Une députée partage une fausse information fabriquée par la propagande russe et visant directement les Jeux Olympiques de Paris.
— Random OSINT (@osint_random) August 5, 2024
J'ai rarement été aussi énervé.
Je n'ai même pas les mots pour décrire une telle incompétence. pic.twitter.com/0u50MQIzT5
Des publications parfois partagées par des élus de la nation, à l'image de la députée Insoumise Ersilia Soudais, qui finira par supprimer sa publication. Selon plusieurs enquêteurs qui travaillent en open source, mais aussi l'agence AFP, «le thème comme le modus operandi de ces allégations évoquent les codes habituels des opérations de désinformation attribués aux réseaux pro-russes».
Il faut dire que depuis une bonne semaine, la Seine est sujette à une impressionnante quantité de fake news.
Dites à votre moitié que l'œuf qu'elle vient de manger était avarié et les toilettes seront soudain prises d'assaut. Ne serait-on pas bloqué au beau milieu d'une psychose collective? Alors que la qualité de la Seine est au cœur du débat olympique, il faut avouer que personne (hormis les organisateurs?) n'est réellement rassuré par l'aspect caca-pas-frais de la flotte parisienne.
Le fait que les tests soient parfois encourageants ne permet pas aux plus sceptiques d'ignorer la fosse septique. Et dans cette catégorie d'êtres humains, on retrouve quasi tout le monde, des internautes cyniques aux fédérations de triathlon, jusqu'aux pessimistes et aux anti-Macron.

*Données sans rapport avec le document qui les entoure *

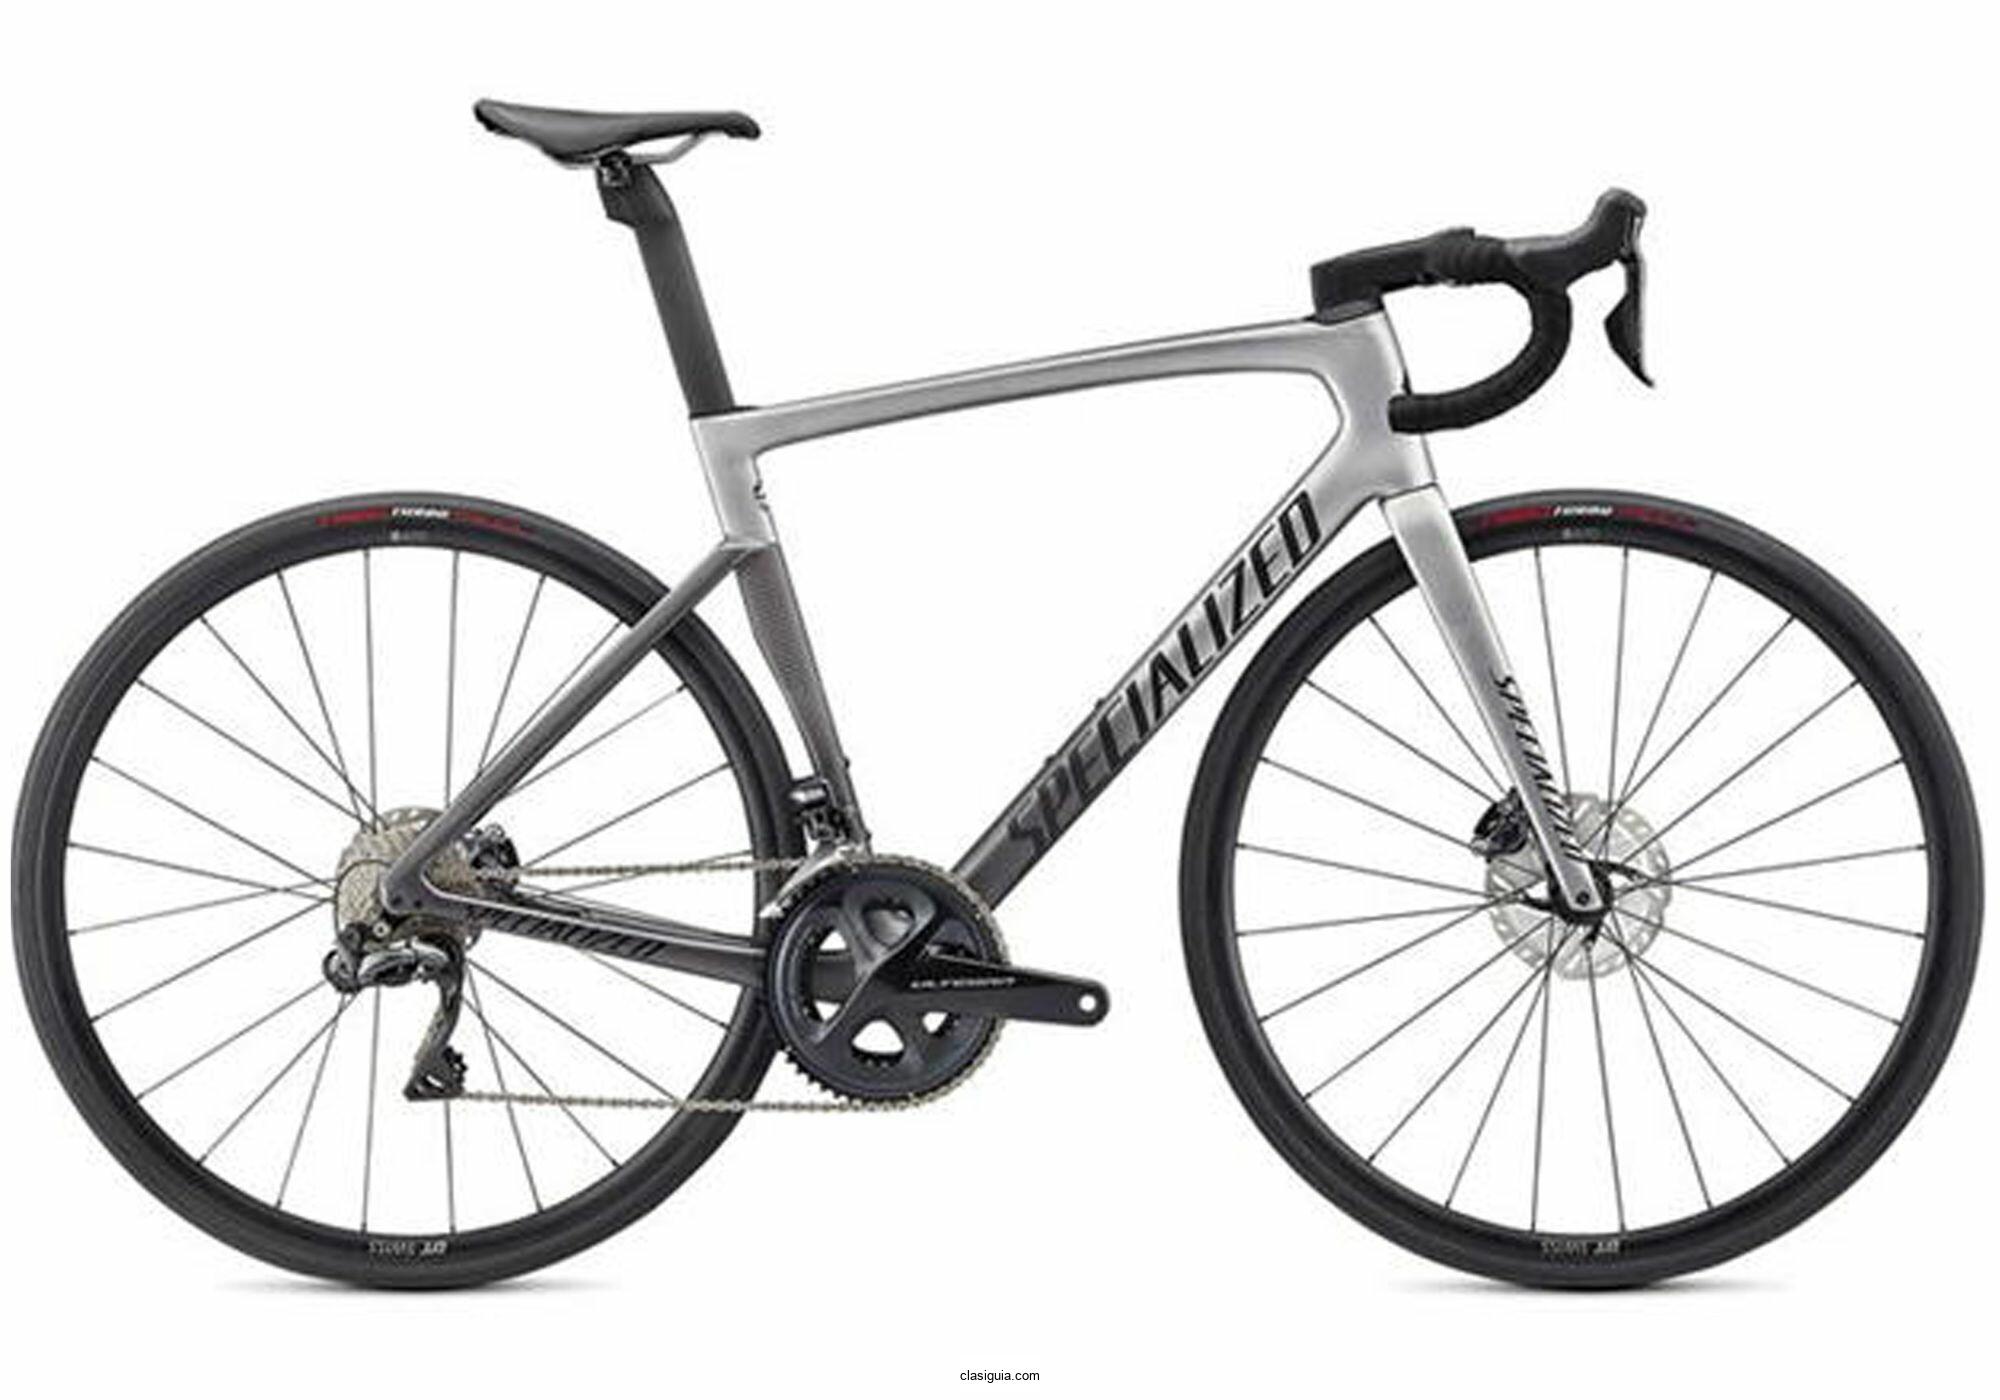 2021 - Specialized Road Bike Tarmac SL7 Expert Di2 (RUNCYCLES)

En clair, nous sommes sans doute nombreux à redouter/vouloir/espérer inconsciemment que la menace de l'eau contaminée se concrétise sous nos yeux. Une réponse logique à tout le tintamarre que le fleuve suscite depuis deux longues années.
Aurait-on à tout prix besoin d'un récit catastrophe, dans ces JO de Paris qui se déroulent dans une allégresse et une euphorie mondiale? Peut-être.
Bien sûr, l'estomac des triathlètes, en course lundi matin, n'est pas encore hors de danger et tous les regards sont désormais tournés sur les épreuves de nage en eau libre, qui devraient se dérouler les 8 et 9 août prochain. Sans oublier qu'un bilan devra être fait en fin de manifestation, histoire de se demander si tout cela fut bien raisonnable.
Mais, pour l'heure, une chose est sûre, si le fleuve parisien n'est pas près de quitter la scène, aucun athlète n'a encore fini aux urgences à cause d'un résidu de caca qui flotte. De quoi tirer la chasse et évacuer les rumeurs.